Further large scale RCTs are needed to clarify the optimal timing of multivessel PCI in ACS. Some of the ongoing trials are Timing of Complete Revascularization in Patients With ST-segment Elevation Myocardial Infarction And Multivessel Disease (TERMINAL, NCT05231226), Timing of FFR-guided PCI for Non-IRA in STEMI and MVD (OPTION-STEMI, NCT04626882) and Timing of FFR-guided PCI for Non-IRA in NSTEMI and MVD (OPTION-NSTEMI, NCT04968808) [26–28].

There are some important limitations in our results. First, the included trials were heterogeneous in terms of timing of staged procedure after the primary PCI and definition of MACE/MI (Supplementary table 1). Additionally, only a few trials had data on stent thrombosis, cerebrovascular events and bleeding, which may not result in meaningful analysis, especially in the subgroup of STEMI patients. Second, as we did not have access to patient level data, we could not include the trial by Diletti et al. in other clinical outcomes for STEMI patients, apart from MACE. Third, being a trial level analysis, our study carries over the bias from the included RCTs such as selection bias and lack of blinding. Fourth, as only 2 studies had data on NSTEMI, our results may not reflect the real world scenario due to small sample size.
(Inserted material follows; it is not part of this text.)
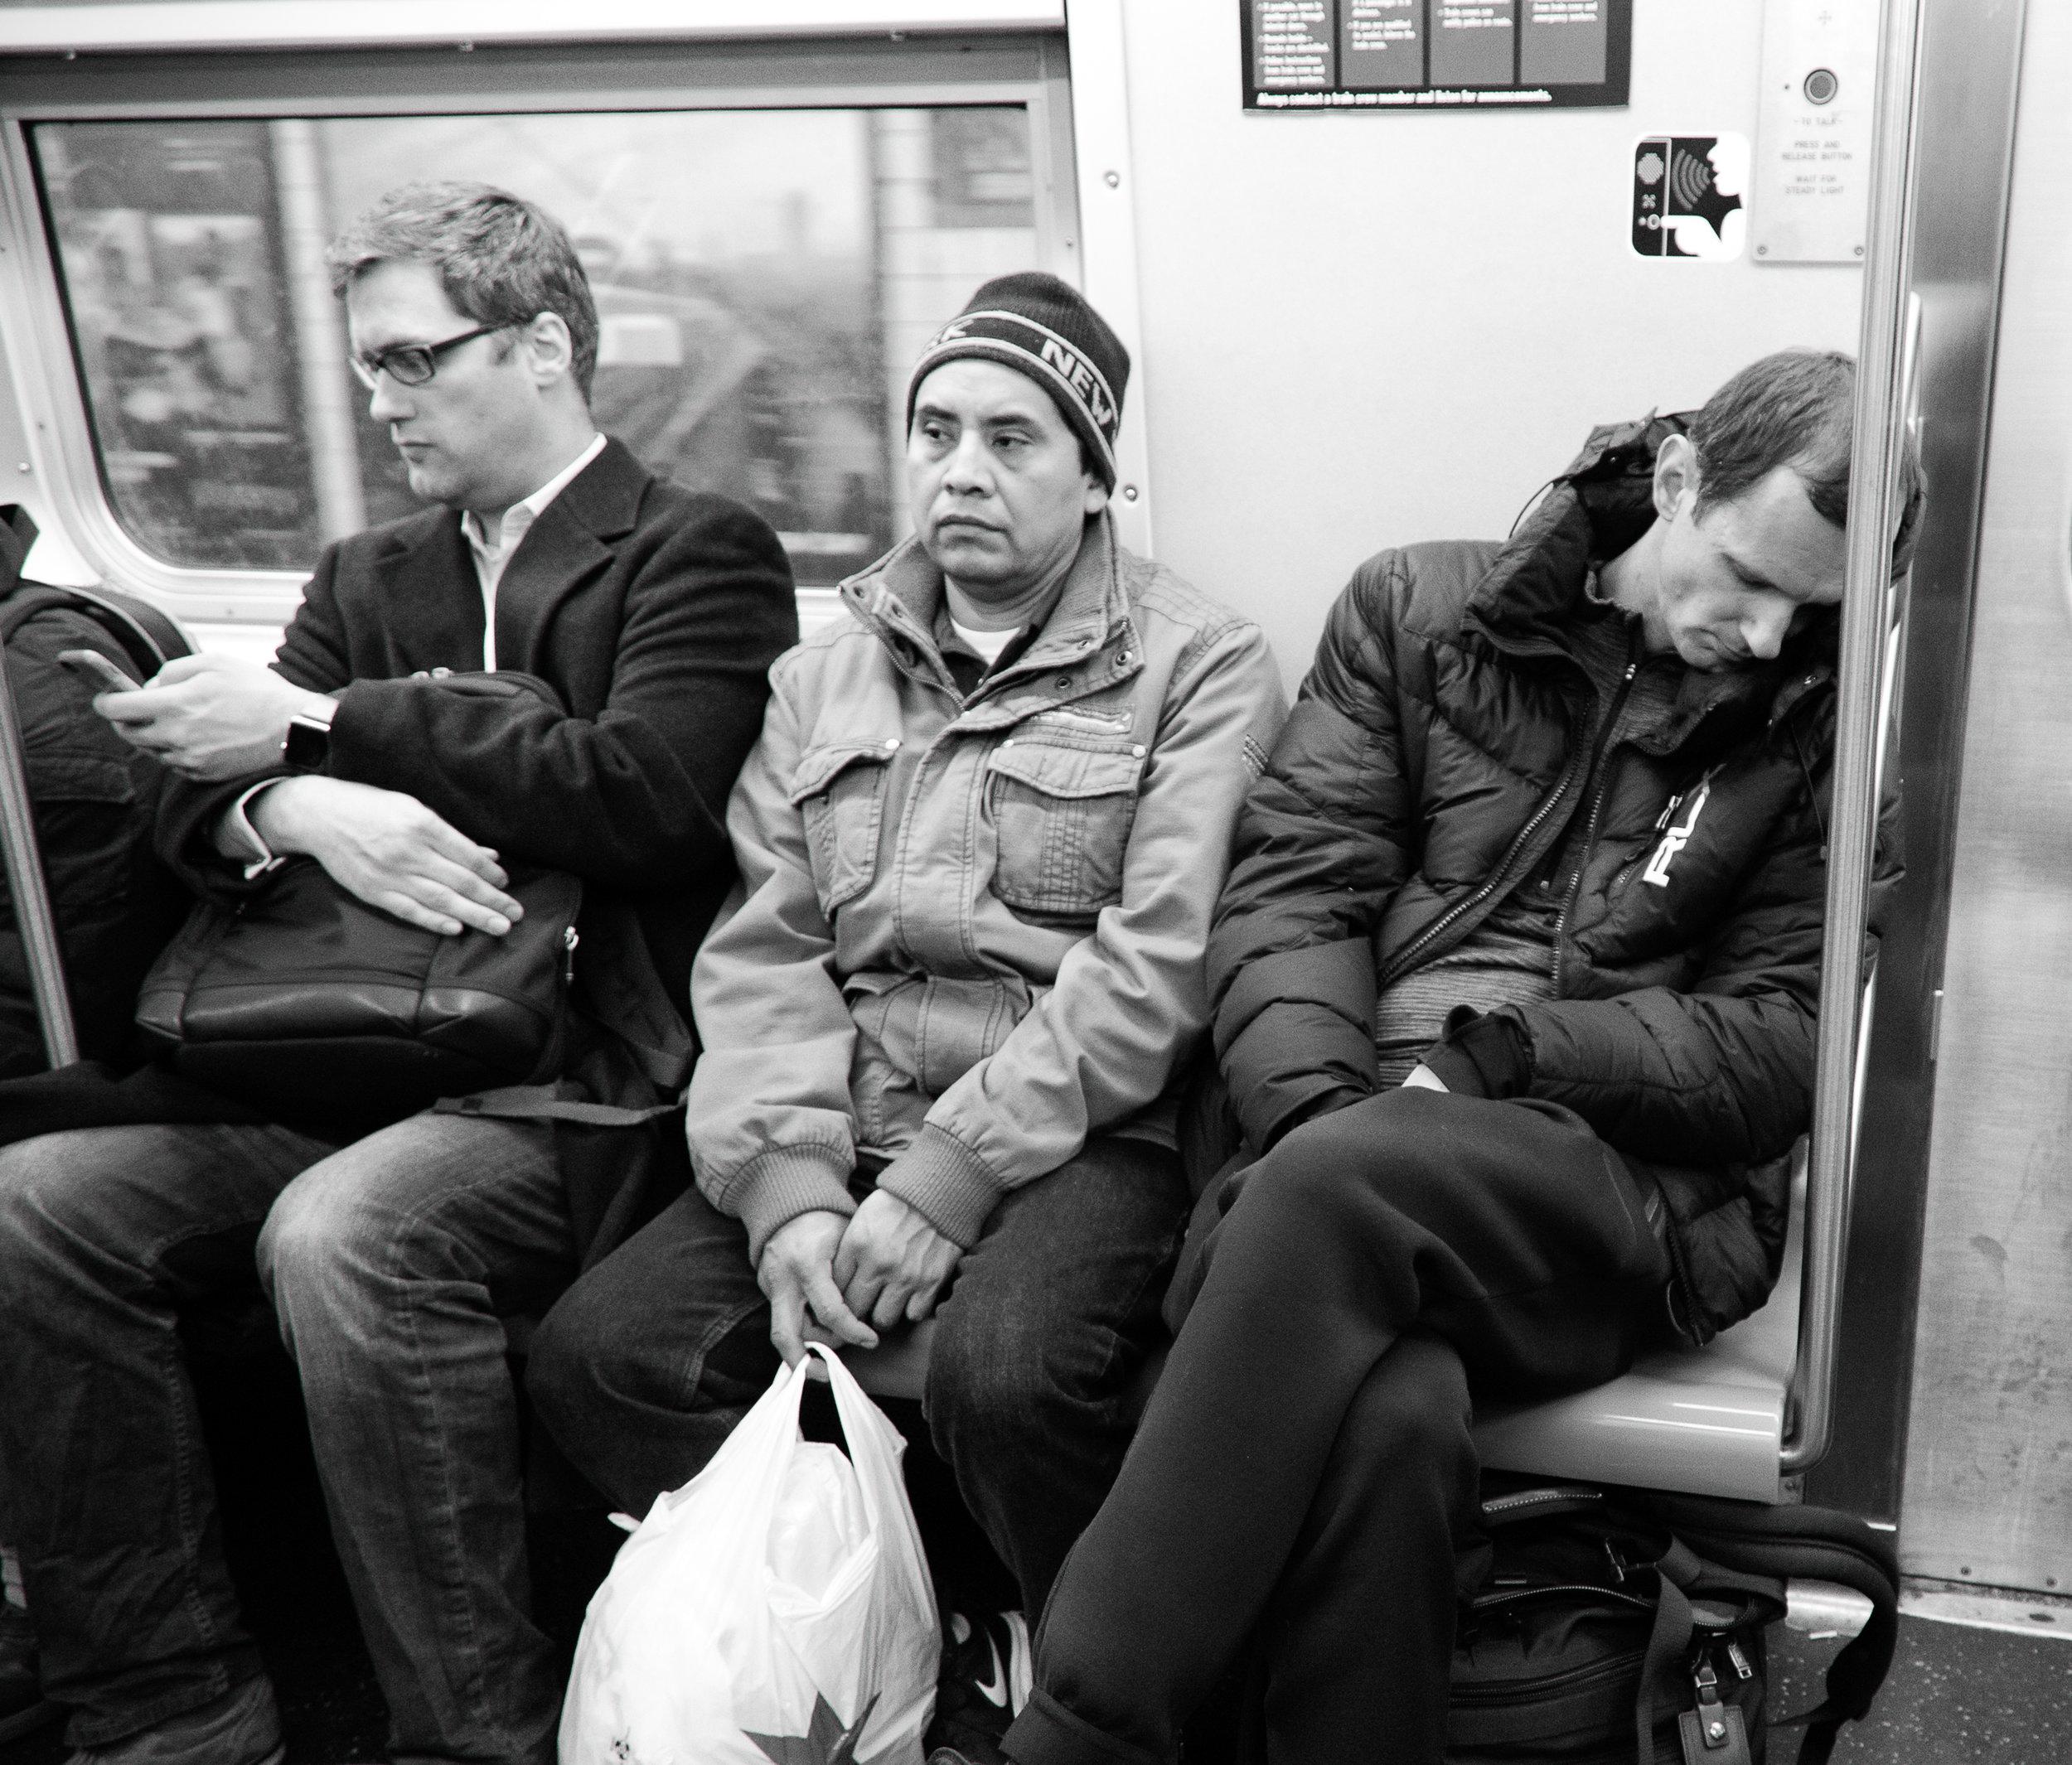 sloan_h_NYC_001.jpg
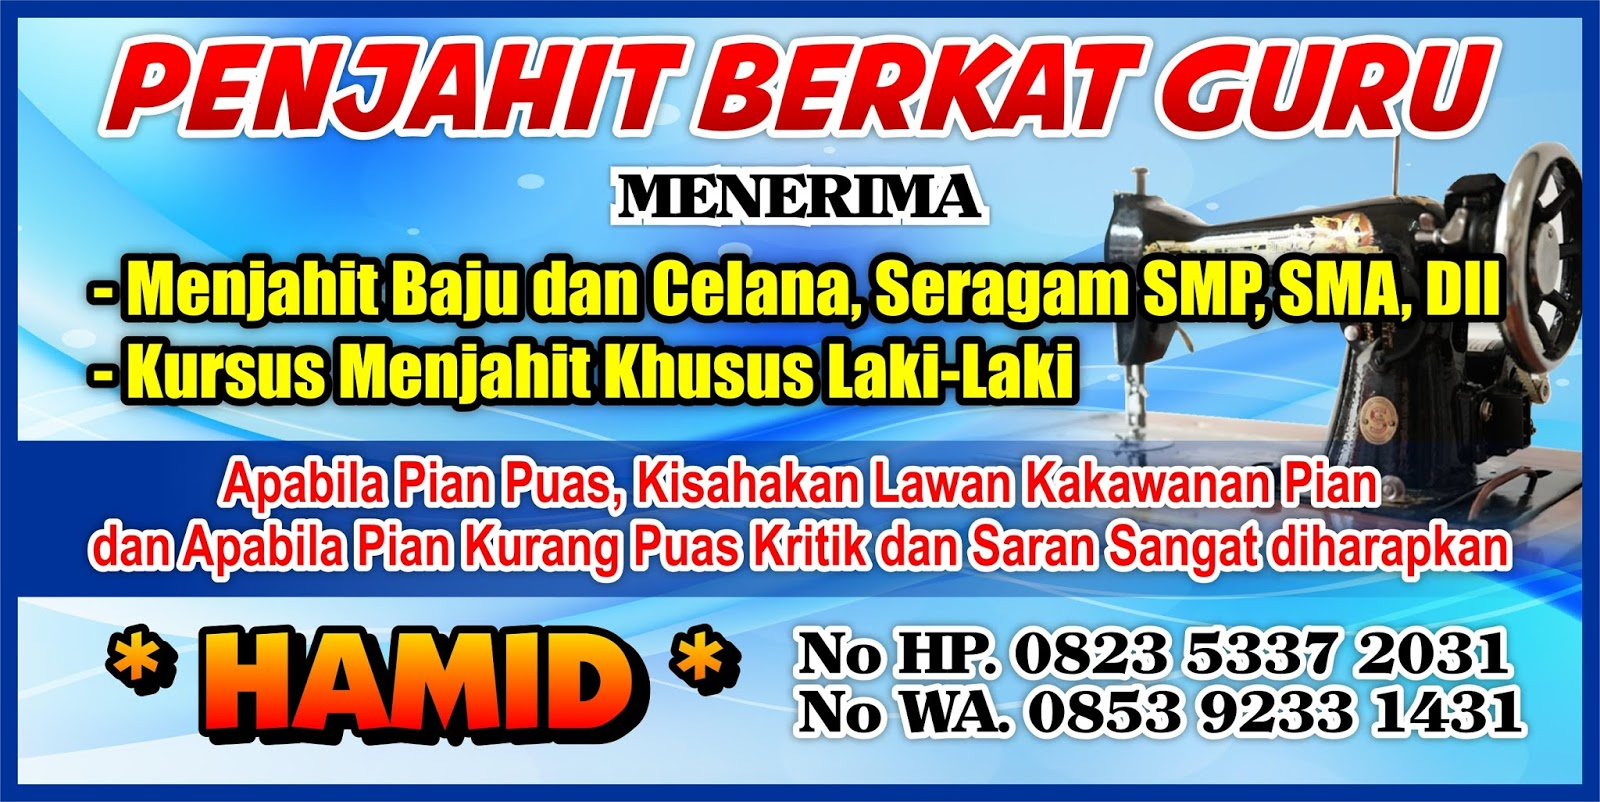 Contoh Desain Spanduk Muhammadiyah Jasa Desain Grafis ...

In conclusion, we found that immediate multivessel PCI may be associated with significant reduction in the risk of MI and TVR in patients with ACS when compared with staged multivessel PCI. However, this benefit was nullified when the trial by Diletti et al. was excluded, thereby limiting the clinical impact of the results. More trials of patients with NSTE-ACS are needed to evaluate whether immediate complete PCI is advantageous to staged complete PCI in this group of patients.